6 new African clawed frog species deepen mystery of 'lost ancestors'

Six new species of clawed frog have been discovered by a Canadian-led team of researchers hunting for the mysterious "lost ancestors" of some of their cousins.

Species with multiple sets of DNA formed from merger of other, independent species

This is an African clawed frog from the species Xenopus calcaratus. Even species that are quite distantly related tend to look very similar. (Vaclav Gvozdík)

Six new species of clawed frog have been discovered by a Canadian-led team of researchers hunting for the mysterious "lost ancestors" of some of their cousins.

All six new species are relatively small (around five centimetres) clawed frogs from Central and West Africa, related to the species that was once shipped around the world for use as living pregnancy tests. (When female frogs were injected with the urine of a pregnant woman, they would lay eggs.)

The study was led by McMaster Unviersity zoologist Ben Evans. He found many of the new species of African clawed frogs while looking for the 'lost ancestors' of other, related species. (McMaster University)

Ben Evans, a zoologist at McMaster University in Hamilton, had previously discovered two other new species of African clawed frogs and found that they were polyploid — they had multiple sets of DNA that suggested they formed from the merger of two different species.

Most animals, like us, are diploid — we have two sets of chromosomes, half our mother's and half our father's.

Instead of getting half of its mother's genes and half of its father's genes as we normally do, the founding member of a new polyploid species gets all its mother's genes and all its father's genes. That might be advantageous, for example, if both species had immune genes that made them resistant to different things, Evans suggests.

A species that arose from a diploid mother and a diploid father would have four sets of genes, making it tetraploid.

Multiple mergers

With African clawed frogs, "what's bizarre is that the duplication hasn't happened just once," Evans said.

There exist not just tetraploid species, but also octaploids (eight sets of chromosomes) and dodecaploids (12 sets), suggesting some arose from multiple species mergers.

Evans thinks the independent species that merged to give rise to the new species "could still be hopping around."

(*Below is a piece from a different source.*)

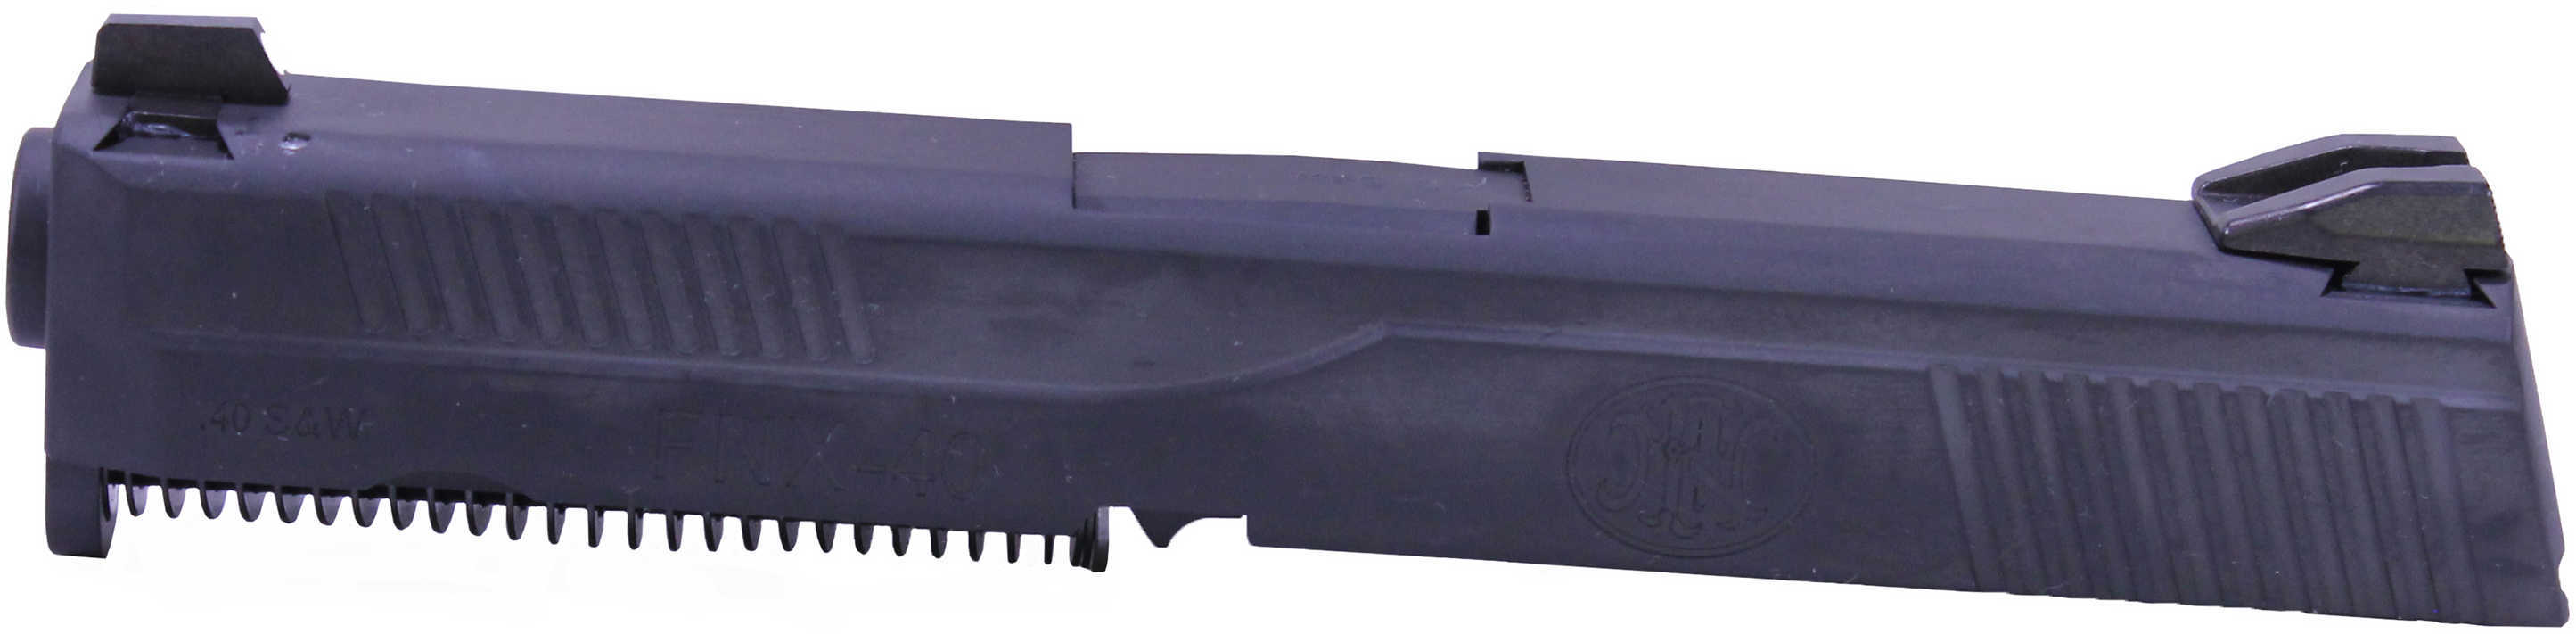 Firenook FN FNX-45 Tactical Barrel 45 ACP Black Md: 67205-11

Because of that, he has spent recent years hunting for those "lost ancestors." The six new species were discovered in the process. Four are tetraploid species and two are dodecaploid species.

This is a mating pair of one of the six new species of African clawed frog described in the new paper. (Vaclav Gvozdík)

Genetic analysis shows that none of the new tetraploid species are ancestors of known octoploids or dodecaploids.

"Basically, my efforts have resulted in a greater understanding of the diversity that's out there," Evans said, "but I still haven't found the species that I predicted should be out there if they haven't gone extinct."

African clawed frogs are a group of frogs that are unusual in that they usually spend their entire lives underwater, even as adults, Evans said. He has found them in a huge range of environments ranging from remote, pristine lakes to sewage ditches full of human feces. Some of the new species were discovered in cities where people had dug trenches and filled them with water to keep fish in.

While the group is very diverse, with species that have widely different ranges and habitats, they're very difficult to tell apart.

"They all look the same," Evans said.

Even species that are as distantly related as humans and orangutans are almost identical. They can only be distinguished by their DNA, subtle differences in bone structure and their calls.

Call of new frog species X. mellotropicalis 0:00
Call of new frog species Xenopus allofraseri 0:00

Those characteristics of the six new species are described in a new paper published today in the journal PLOS ONE. The study was co-authored by Timothy Carter at the University of Guelph, along with researchers in the U.S., Czech Republic, Belgium and the U.K.

Evans hasn't given up on his original goal of finding some of the lost ancestors, however. He's going back to Ghana again next year to look for more frogs.